Offer summary

Qualifications:

Bachelor's degree in Computer Science, Engineering, or a related field., Experience with ETL/ELT tools such as Azure Data Factory and Azure Databricks., Strong programming skills in Python and familiarity with data storage solutions like Azure Data Lake., Knowledge of data governance and quality assurance practices..

Key responsibilities:

Design and develop scalable data pipelines to meet business requirements.

Integrate data from various sources and manage data storage solutions.

Implement data quality monitoring systems and uphold data governance policies.

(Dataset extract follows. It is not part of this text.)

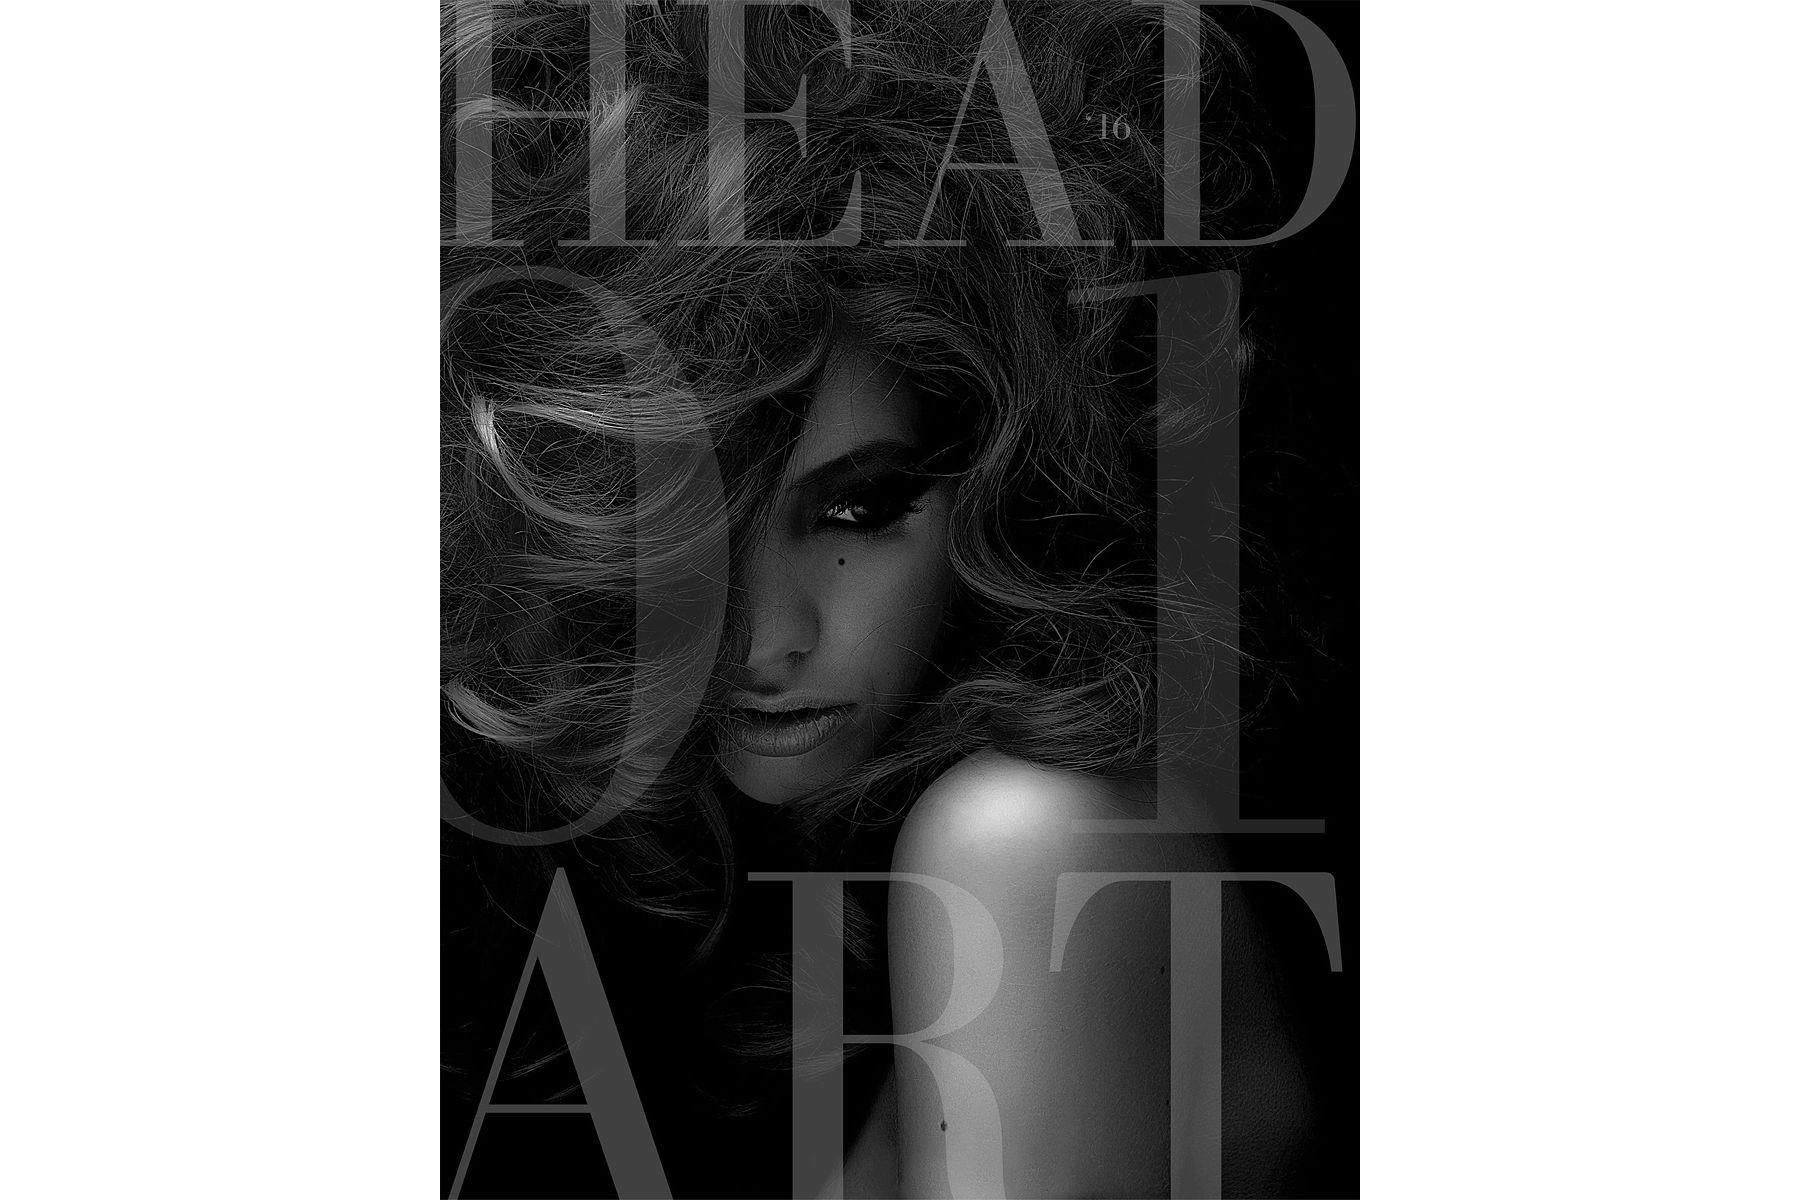 1headartfacebookcover.jpg

Collaborate with cross-functional teams to address evolving data needs and optimize data workflows.

Job description

About the Company

Lift Ventures, a remote-first startup studio whose portfolio of businesses has reached over 250 million consumers to date, is seeking a seasoned and talented Data Engineer for SuperSummary, our fast-growing EdTech business. SuperSummary is a subscription-based website and mobile app offering a library of professionally written study guides and other educational tools and resources on thousands of books for students, teachers, and readers of all types.

About the Job

We are looking for a Data Engineer to join our fully remote team and play a key role in designing, building, and optimizing our data systems. Reporting to the Data Engineering Coordinator, you will collaborate with product managers, department leaders, data scientists, and analysts to deliver high-quality, actionable data insights that shape product development, drive innovation, and support strategic decision-making across the company.

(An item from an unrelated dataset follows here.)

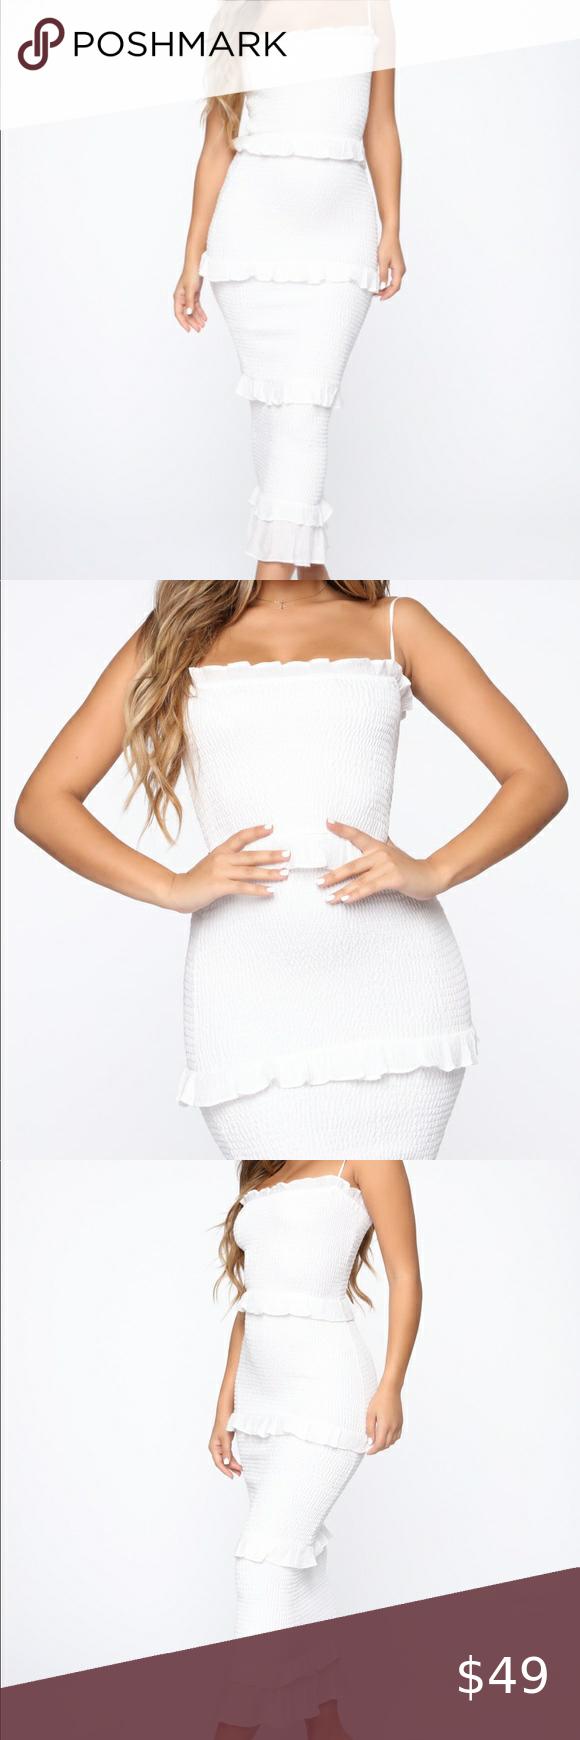 New Bodycon Ruffle Maxi Dress White Large Ruffled Maxi Dress Maxi Dress Fashion Nova Dress [ 1740 x 580 Pixel ]

This position is 100% remote, with a preference for candidates based in Latin America. Our distributed team spans the U.S., Brazil, the Philippines, and beyond — we value diverse perspectives and an inclusive, collaborative work environment.

Key Responsibilities

Design and Develop Scalable Data Pipelines

Build, maintain, and optimize robust ETL/ELT pipelines using tools such as Azure Data Factory, Azure Databricks, or Synapse Analytics.
Ensure pipelines meet business requirements, are scalable, efficient, and well-documented.

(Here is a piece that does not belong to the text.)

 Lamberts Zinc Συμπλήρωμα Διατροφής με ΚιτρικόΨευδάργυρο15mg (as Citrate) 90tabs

Data Integration and Management

Integrate data from diverse sources, including APIs, data warehouses, cloud services, and more.
Manage and optimize data storage solutions like Azure Data Lake, Azure SQL Database, and Azure Blob Storage.

Ensure Data Quality and Governance

Implement data quality monitoring systems and checks to ensure accuracy, consistency, and reliability.
Uphold data governance policies and ensure compliance with data security and privacy standards.

Cross-Functional Collaboration

Work closely with cross-functional stakeholders to understand evolving data needs and translate them into scalable solutions.
Provide technical support for data-related issues and contribute to the continuous improvement of the data infrastructure.

Performance Optimization

Monitor, troubleshoot, and enhance the performance and availability of data pipelines.
Optimize data workflows to improve speed, efficiency, and cost-effectiveness.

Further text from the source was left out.